December 11, 2008 - January 24, 2009
New York

Edwynn Houk Gallery is pleased to announce an exhibition of new photographs from Victor Schrager's latest project, The White Room. The show will take place from 11 December 2008 through 24 January 2009.

A master of still-life photography for more than 30 years, Victor Schrager embraces modernism while rethinking its components to create something new. Building on ideas first explored in Schrager's 2006 study of books, Composition as Explanation, the artist's newest series, The White Room, employs objects lifted from everyday experience and transforms them into studies of light, space, and shadow. Schrager writes, "The objects are as necessary and irrelevant as Morandi's pitchers, Stieglitz' clouds, Cezanne's fruit, Weston's peppers, or Penn's frozen food. The real purpose in making these pictures is addressing the box of space that sits in front of me, and seeing if it is once again possible to pull a compelling picture out of it." Schrager places little emphasis on subject matter, but rather on the objects' sublime interaction within the space of the picture plane.

Lit in front of seamless white paper and reflected upon a piece of black glass, Schrager arranges clear bottles of colored mouthwash, dishwashing liquid, roll-on deodorant applicators, and pieces of colored plastic. With an end result approaching abstraction, Schrager releases each object from its everyday function, and forces it to relate within the white room as its essential form. Light bulbs and bars of soap are rendered as items within a larger visual constellation, hard lines fading to pools of color, and function yielding to composition and visual experience.

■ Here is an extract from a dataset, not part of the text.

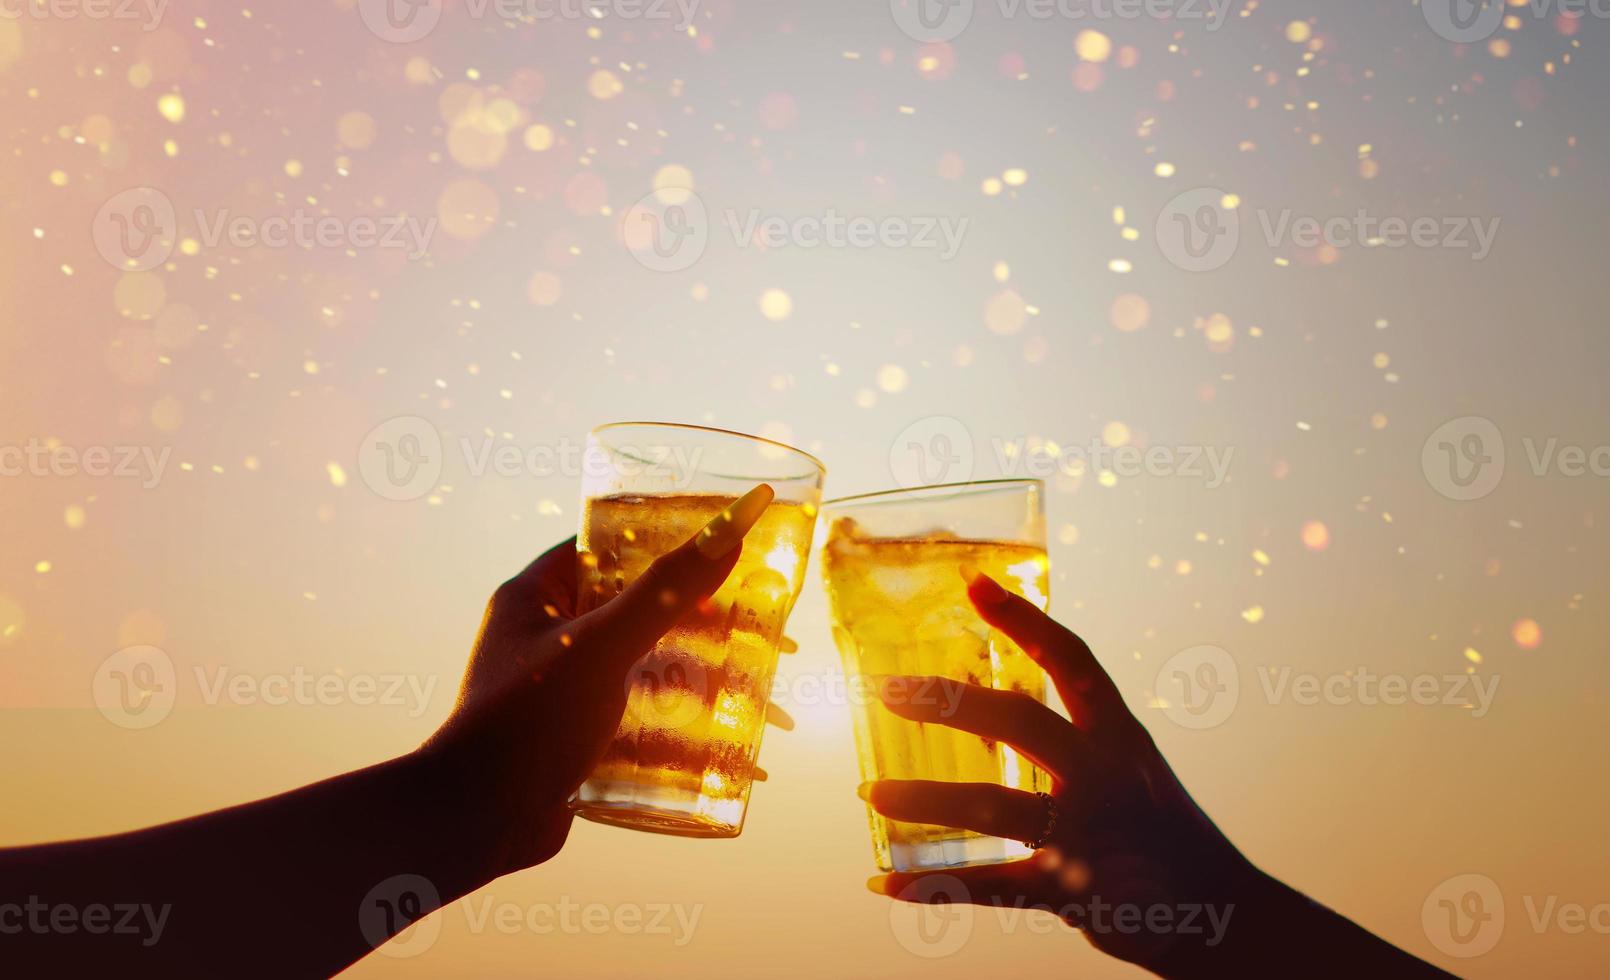 Bierglas feiert sanft gefärbte Biergetränke, Freundschaften, Zusammenkünfte, am Meer, entspannte Tage und Essen und Trinken. feieridee mit kopierraum foto

Schrager writes that The White Room is an effort to explore the "inexhaustible plastic volume of space" available through still-life photography. In this manner, the picture plane is rendered boundless. Schrager's work encourages its viewer to navigate the photograph's expanse. The eye anchored by a single white bulb, or a bar of soap leading the viewer as semi-conductor of light.

A Harvard graduate, Victor Schrager (b. 1950) is a recipient of the Guggenheim Fellowship, the MacDowell Colony Resident Fellowship, and a grant from the National Endowment for the Arts. His work has been featured in numerous one person and group exhibitions in the United States, Europe, and Japan. His photographs are in the permanent collections of The Museum of Modern Art, The Metropolitan Museum of Art, The Whitney Museum of American Art, The Center for Creative Photography, Los Angeles County Museum of Art, Polaroid International Collection, The International Center of Photography, and The San Francisco Museum of Art. He currently lives and works in New York City.